Agricultural extension service and food production go hand in hand, but this is non-functional in Kenya. Annually we get to see adverts for police officers and other state security agents, however, agriculture which is the backbone of the country hardly ever gets extension service officers adverts. Agriculture has been abandoned and particularly smallholder farmers left to the mercy of corporations who sell them seeds and agrochemicals that end up affecting the soil and yields.
On regional policy environment and how it relates to food, since the Maputo Declaration, there has never been adequate allocation of resources to agriculture and that despite its importance. Agriculture is not given enough attention. It is therefore of great relevance that Kenyans meaningfully participate in budgetary processes at the county and local levels and demand more money to be allocated to agriculture. It is very wrong to quote very many statistics on agriculture being the backbone of Kenya as a country and yet citizens continue to go hungry day by day.
Youth in Kenya will not be attracted to agriculture if the problems of the past within the sector have not been resolved. Agriculture can be made to be more attractive to the youth who can engage in various levels of the value chain, as not every young person can become a farmer, but can still engage in food production at different levels. Youth in Kenya have embraced ICT and this can be used in processes such as advertising, marketing and sales. Agriculture is a devolved function in Kenya, this calls for infrastructure to be availed to support farming, if this is done, Kenyan youth will not be complaining of lack of jobs because there is a lot of potential in agriculture.

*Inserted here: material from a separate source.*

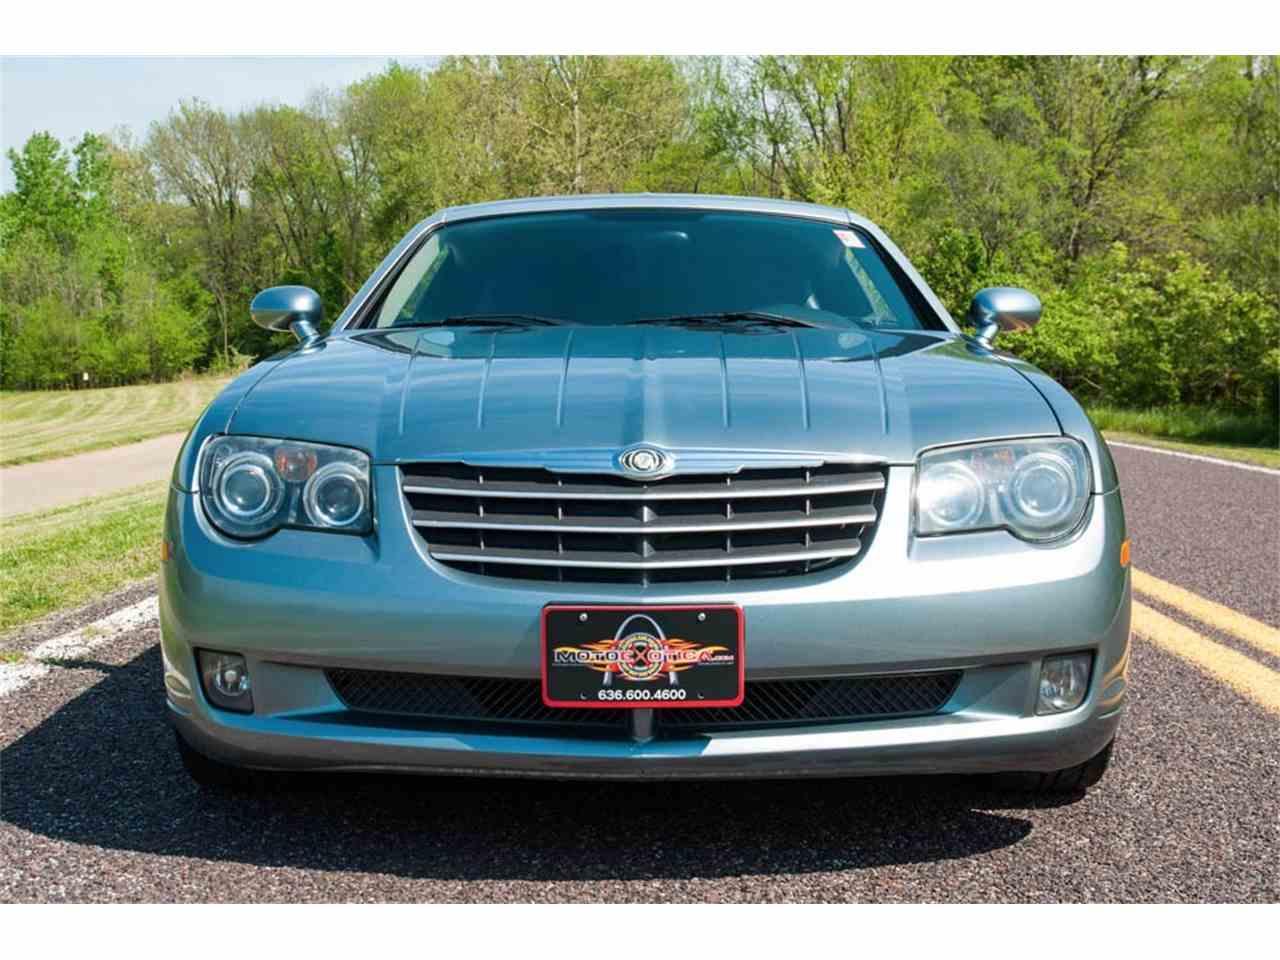 2004 Chrysler Crossfire For Sale Classiccars Com Cc 977519

Furthermore, food is something consumed every hence there is always a ready market.
It has been observed that during Kenya’s General Election campaigns very few people are discussing the subject of food. There is need for the electorates to demand realization of the right to food and interrogate political manifestos and what their stand for on matters Right to Food. Food need not be left to market forces because very many people are suffering and sadly politicians continued to campaign and organise huge rallies when sections of citizens go to bed on empty stomachs.

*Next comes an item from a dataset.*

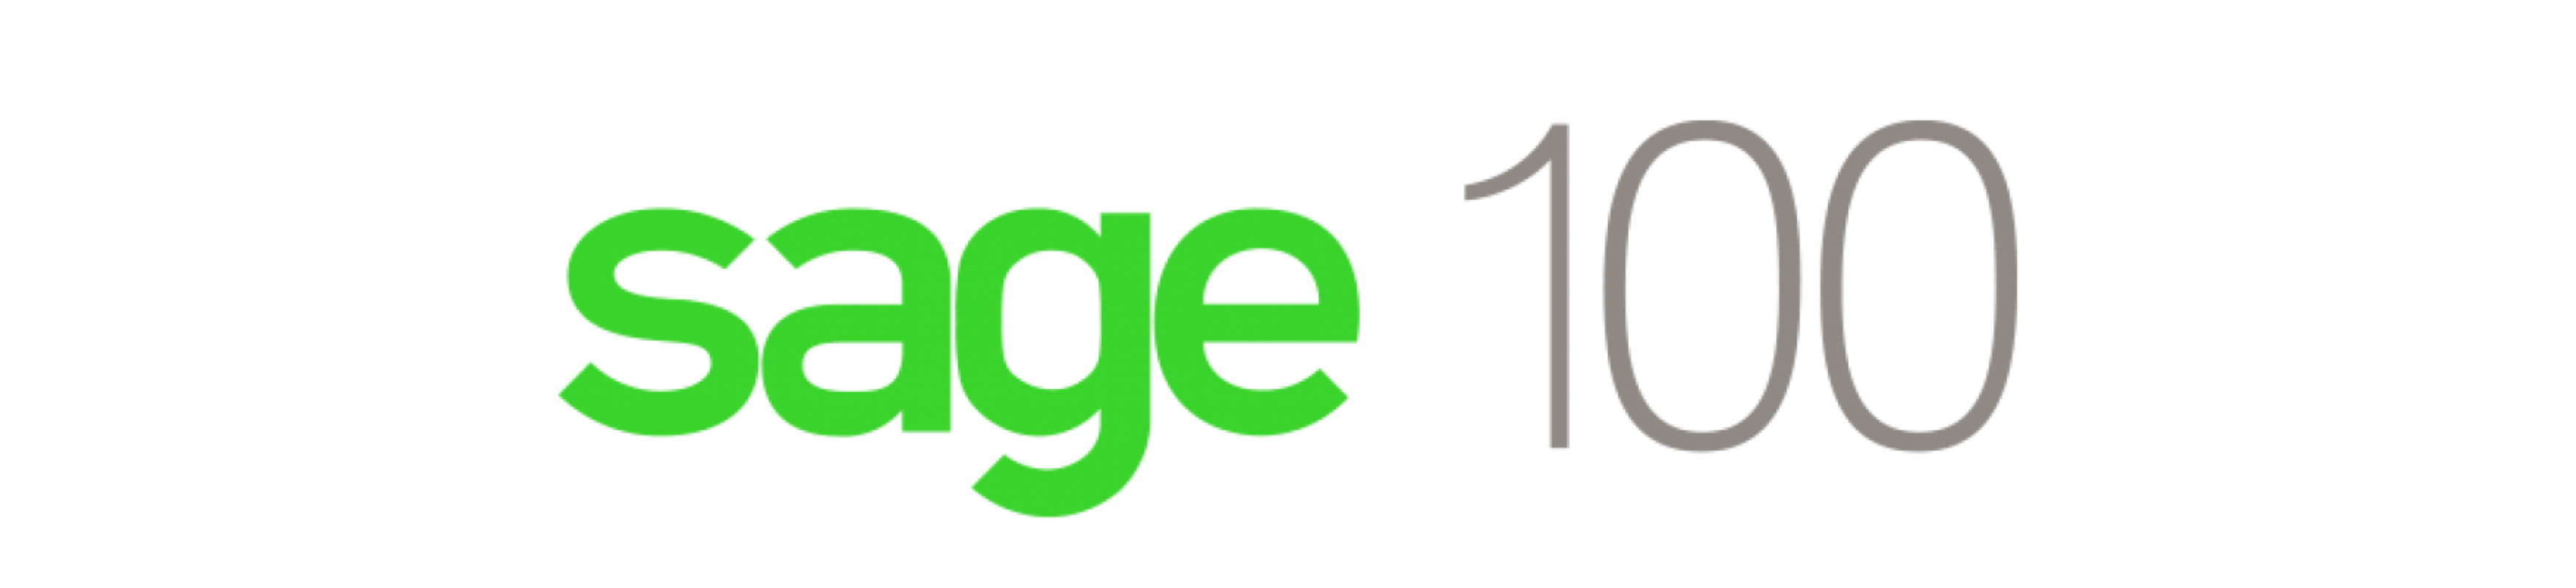 sage-100-followup-crm-integration

Food is political and that politicians are not the only stakeholders when it comes to maters food. The year 2022 is an electioneering year in Kenya, however very few people are had been discussing the right to food during these campaigns. Electorates need to demand the realization of the right to food, interrogate manifestos and question what these manifestos say about the right to food. It is absurd that politicians continued to campaign while would be voters were dying of hunger and malnutrition in many parts of the country.

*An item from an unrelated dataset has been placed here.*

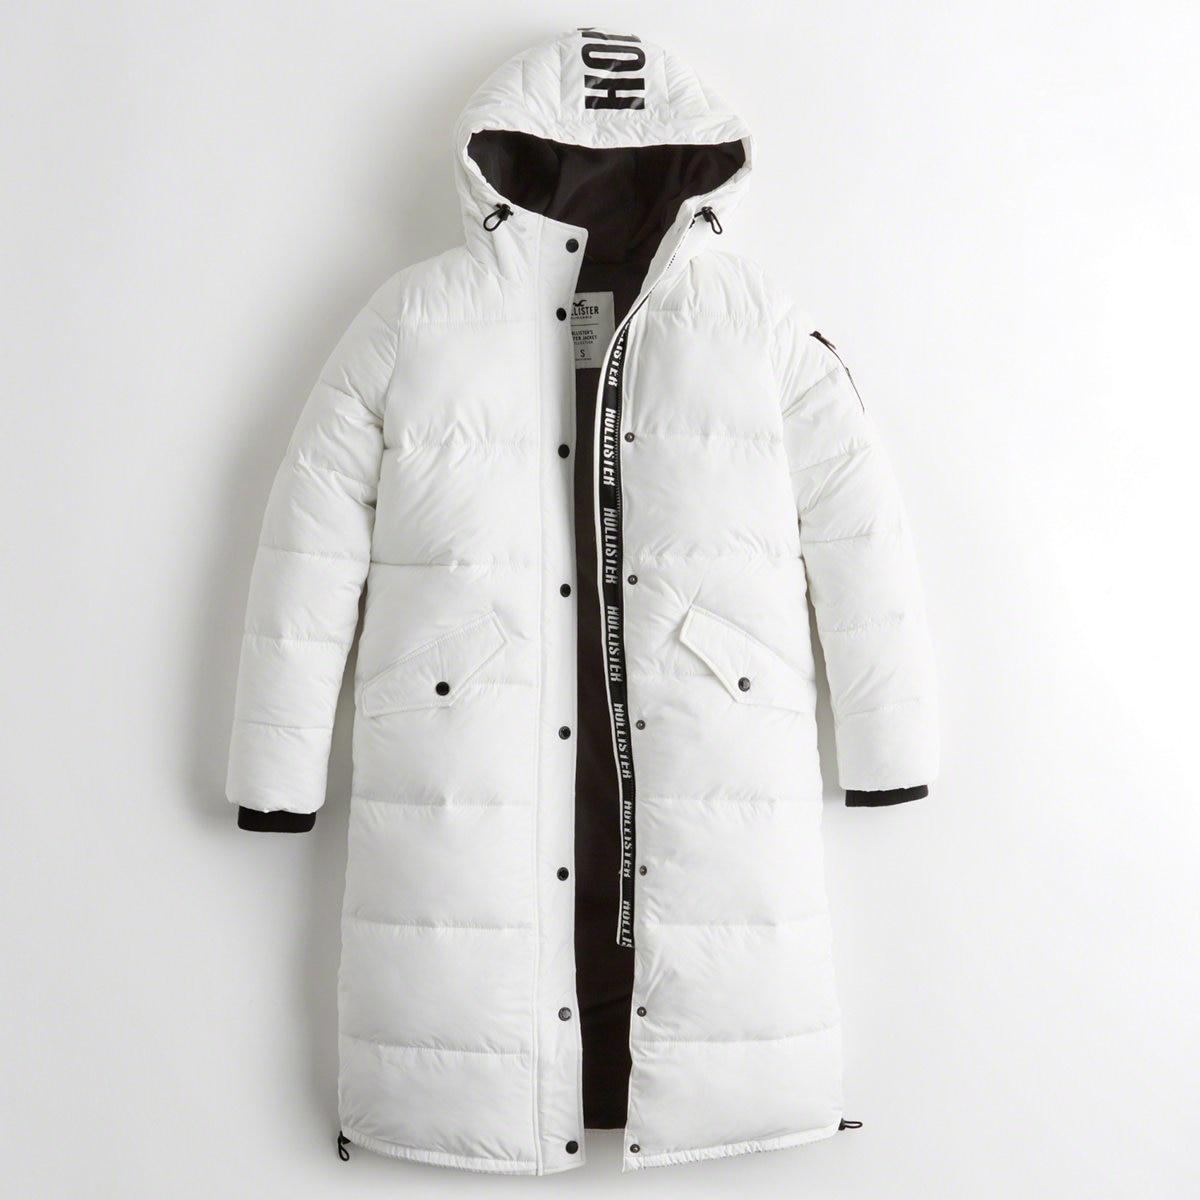 48e972820 Lyst - Hollister Girls Longline Puffer Parka From Hollister in White

Launch of the Food Manifesto
An envisioned future for Kenya, in the wake of climate crisis, rising food insecurity and skyrocketing global food prices as well as the fact that Kenyans are going into elections of new leaders, what the country requires in relation to food production in the country would be a future where resources are adequately available for agriculture, where images of farmers wearing tattered clothes and sweating in the sun is a thing of the past. Kenya also needs an environment where smallholder farmers are supported adequately, given that agriculture is a devolved function. Consumers also need to be more conscious of what they eat and demand healthy food, produced through agroecology.